Limitations & Pitfalls
I. Model Misspecification:
When $f_*(\mathbf{x})$ lies outside the chosen hypothesis class, estimators remain biased even as $N \to \infty$.
II. Violation of IID:
Autocorrelated or clustered errors require GLS or âsandwichâ covariance estimators.
III. Heteroscedasticity:
If $Var(\varepsilon_i \mid \mathbf{x}_i) = \sigma_i^2$, the usual OLS variance formula is invalid; use Whiteâs (HC) estimators instead.
IV. Multicollinearity:
Nearâlinear dependence among columns of $X$ inflates $Var(\hat\beta_j)$; ridge regression can shrink the condition number.
V. High Use & Outliers:
Cookâs distance
$$D_i = \frac{r_i^2,h_{ii}}{p,\hat\sigma^2,(1 - h_{ii})^2}$$
identifies influential points; strong Mâestimators mitigate their effect.
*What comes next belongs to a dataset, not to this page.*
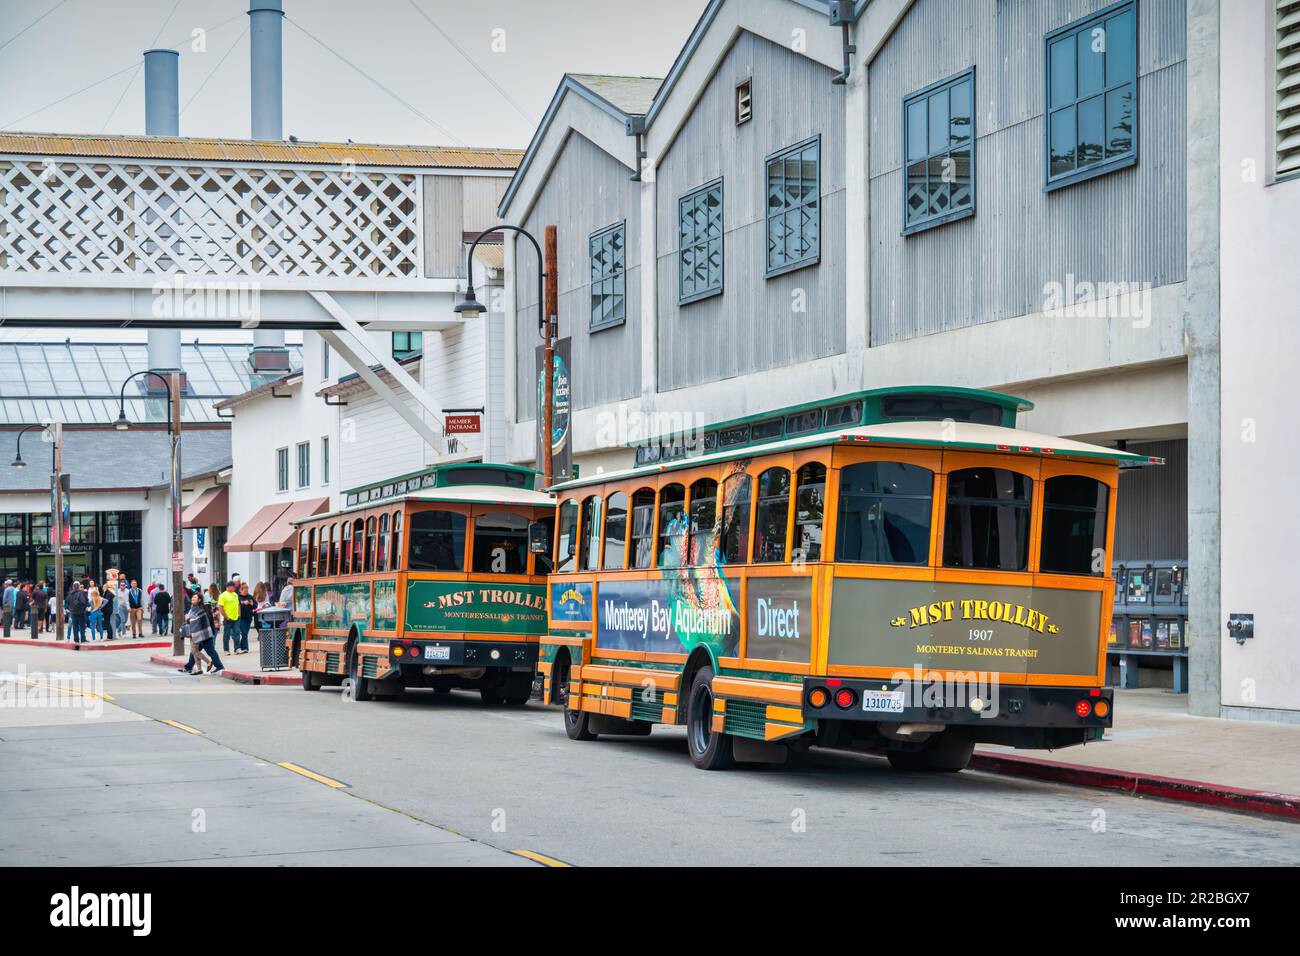 Klassische Trolleys in der Cannery Row Street in Monterey, CA, USA. Cannery Row war der Schauplatz von John Steinbecks Romanen, heute eine Touristenattraktion. Stockfoto

VI. Overfitting / High Variance:
Cross-validation, information criteria, or Bayesian model averaging help choose model complexity.
VII. External Validity:
Regression learns the conditional mean on $\mathcal{D}$; distribution shifts (covariate shift, concept drift) break prediction accuracy.
VIII. Causal Inference vs. Prediction:
Regression coefficients are not causal unless confounding is addressed (e.g.\ via instrumental variables, RCTs, or DAG-based adjustment).
Further Reading
- Seber, G. A. F., & Lee, A. J. Linear Regression Analysis, 2e, Wiley (2003).
- Hastie, T., Tibshirani, R., & Friedman, J. The Elements of Statistical Learning, 2e, Springer (2009).
- McCullagh, P., & Nelder, J. Generalized Linear Models, 2e, Chapman & Hall (1989).
- Kennedy, P. A Guide to Econometrics, 7e, Wiley-Blackwell (2008).